Volume #18 - 929.|
EUROPE DE L'OUEST ET MOYEN-ORIENT
RELATIONS AVEC DES PAYS PARTICULIERS
RÉPUBLIQUE FÉDÉRALE D'ALLEMAGNE
Le secrétaire d'État aux Affaires extérieures|
à l'ambassadeur aux États-Unis
le 16 février 1952|
THE UNIFICATION OF GERMANY|
Reference: Para. 8(a) of your despatch No. 162 of January 21.?
It is often said that the unification of Germany is the one desire common to all Germans. In a sense this is true but the bare statement raises a number of questions. For example, what sort of reunified Germany do the Germans want - a communist, a socialist, a capitalist or a neo-Nazi one? Does unification include the return of the Saar and the territories east of the Oder-Neisse Line now in Polish hands? Do the Germans want unification if it means the withdrawal of all occupation forces leaving a neutral Germany unarmed and vulnerable?

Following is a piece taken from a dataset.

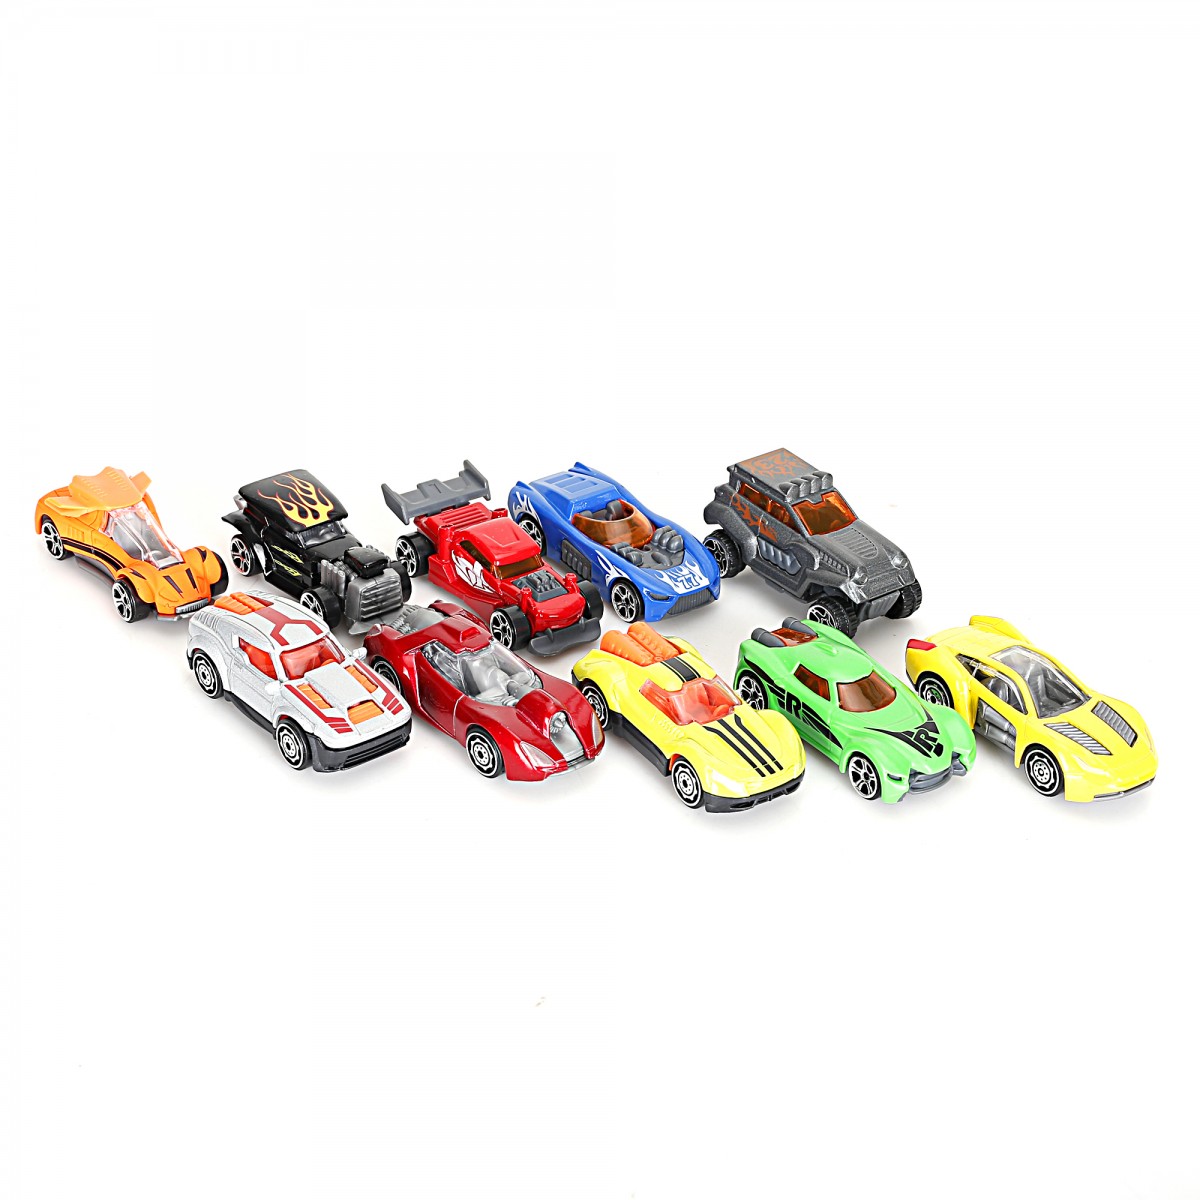 Ralleyz Pro Firefleet Street Machines Die Cast Toy Cars for Kids, Pack of 10, 3Y+

2. These questions are intended not to suggest that Canada is either for or against the unification of Germany but merely to show that the phrase needs definition. The possible results of unifying Germany in present circumstances must be clearly seen before we declare ourselves for such action.
3. Having said this, we can go on to state that in principle Canada favours eventual German unification on a right basis but believes that it is not practical politics to urge it now. The Minister for External Affairs, speaking in the House of Commons on October 22, 1951, gave clear expression to the Canadian Government's point of view when he said:
"Unity, based on free self-government, must one day come to Germany, and, if it is on the right basis the sooner the better; but it must not come in such a way that a united Germany will be forced to go the way of a united Poland and Czechoslovakia and become a united Russian satellite..."
4. We are of the opinion, therefore, that the integration of Germany, even if it is only of a truncated country, in the family of free nations, should precede unification. Although a more limited objective than unification, integration with the West is a more realistic and more easily attainable one. To achieve it Canada is supporting, at least by implication since we are not immediately concerned, the following Allied policies:
(a) The satisfactory conclusion of the contractual agreements between the United States, the United Kingdom and France on the one hand and the West German Federal Republic on the other;
(b) The participation of Germany in the European Defence Community, which will involve the association of Germany with the purposes of NATO;
(c) The resumption of full normal relations between Germany and the other western countries.
5. We also agree with the view held by the Allies that their position in Berlin must be retained. We have indeed kept a Military Mission there to show our support and to hearten the West Berliners. When the unification of Germany becomes possible, Berlin may once again be a capital of a united Germany and it is important that the West remain there against that day.
6. While we are moving towards the integration of the Federal Republic with the West, we must make it clear in all our dealings with Germany that we have no intention of sacrificing German interests in order to come to terms with the Soviet Union. In this connection it would be well to keep in mind the efforts made at the recent General Assembly of the United Nations by various nations, including Canada, to facilitate all-German elections. The point to emphasize here is that the Government of the East Zone, acting almost certainly on Soviet orders, has refused to allow the United Nations Commission to conduct its investigation in their part of Germany.
7. Care should always be taken not to lose sight of the eventual peace treaty with Germany. It should be emphasized that Soviet intransigence is the real stumbling-block to the conclusion of such a treaty. It is the hope of Germany's former enemies in the West that a peace treaty would settle such outstanding matters as Germany's frontiers, the problem of Berlin, and, of course, the unification of the country. Some idea of the difficulties to be overcome can be gathered from a review of the difficulties encountered by the Allies in their efforts to achieve a peace settlement in Austria which has but one government whereas Germany has two.
8. Canada has not been one of the powers occupying Germany and has, therefore, not been a direct participant in the negotiations concerning the replacement of the Occupation Statute by a series of contractual agreements. We are, nevertheless, concerned in such matters as the stationing, payment and legal status of Allied troops in Germany, and the treatment of war criminals. As a member of NATO Canada has an interest in the negotiations for the establishment of a European Defence Community which will include Germany, and particularly in the relationship between the projected defence community and NATO. As one of the Allies in the last war it would of course expect to take part in the eventual peace settlement. Until that time Canada shares the desires and supports the efforts of the Occupying Powers to restore as much sovereignty to West Germany as is compatible with the realities of the international situation. Canada believes that a united Europe is only possible through Franco-German rapprochement and that the inclusion of Western Germany in the Schuman Plan, the European Defence Community and any other projects which may further the integration of Europe can succeed only if they are firmly founded on this rapprochement.